Here’s an opportunity to catch up on highlights of last month’s compelling webinar offering innovative distribution and market access approaches in an evolving marketplace. Learn why pharmaceutical manufacturers are partnering with emerging vendors to overcome the unique market access challenges of rare disease and gene/cell therapies.
New complexities of commercialization and product access within the healthcare ecosystem will require pre-commercialization and market access strategies built to address key, emerging trends. Organizations must broaden their value propositions and management of the value chain.
Patients are assuming growing financial responsibilities, “footing the bill” for care and demanding personalized care and value. They want positive outcomes – not simply treatments. All stakeholders must demonstrate value, optimize patient access, face competition, align with payer treatment pathways and adjust to a new reimbursement model where payments are tied to outcomes.
Manufacturers must develop and optimize product distribution strategies for rare disease therapies. Specialty Pharmacy has four focus areas: pharmacy benefit, medical benefit, rare/ultra-orphan diseases, gene and cell therapy. Manufacturers are redefining their approach to product launch and market access, taking into account issues associated with prescribers, specialty pharmacy, infusion services, payer access and reimbursement. There is increased focus on value-based models, the shift away from deep rebate models, strict pricing and higher out-of-pocket expenses.

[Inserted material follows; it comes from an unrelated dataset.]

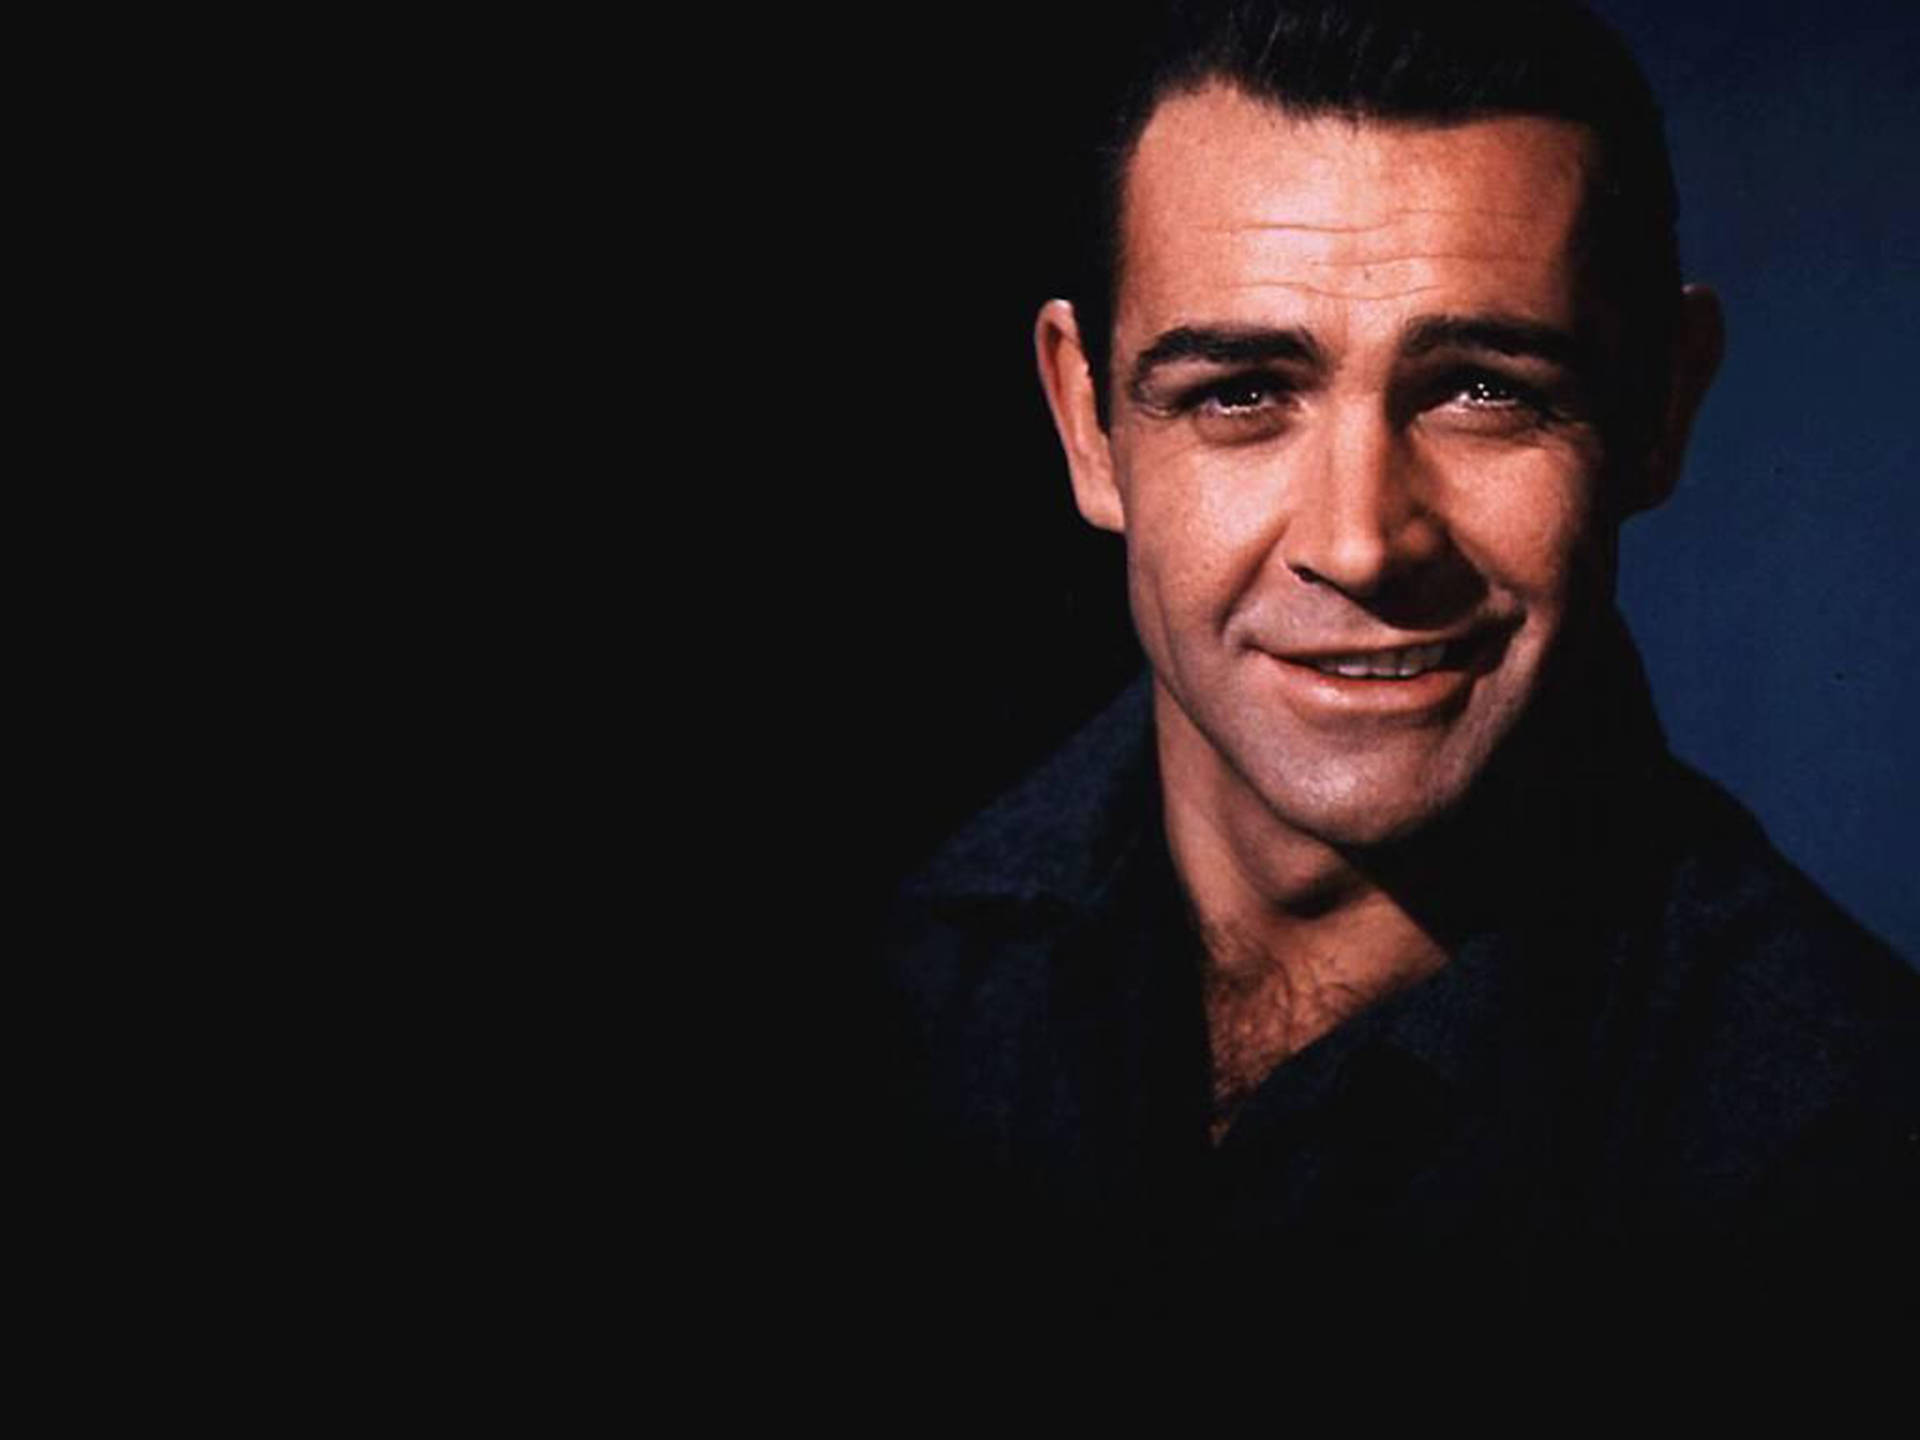 Charming Actor Sean Connery

Novel pricing, reimbursement and financial strategies are bridging the gaps in market and patient access. Amid disruptive innovation, manufacturers will require greater support to improve R&D productivity, reduce costs, tap potential of emerging vendors and switch from selling medicines to managing outcomes. Benefits decision-makers will pay for results and outcomes, forcing pharmaceutical companies to move into the health management space and meet expectations of the Quintuple Aim: improving the patient experience with regard to quality and satisfaction in order to improve Population Health, reducing per capita cost of healthcare, improving provider satisfaction/ well-being and addressing social drivers of health.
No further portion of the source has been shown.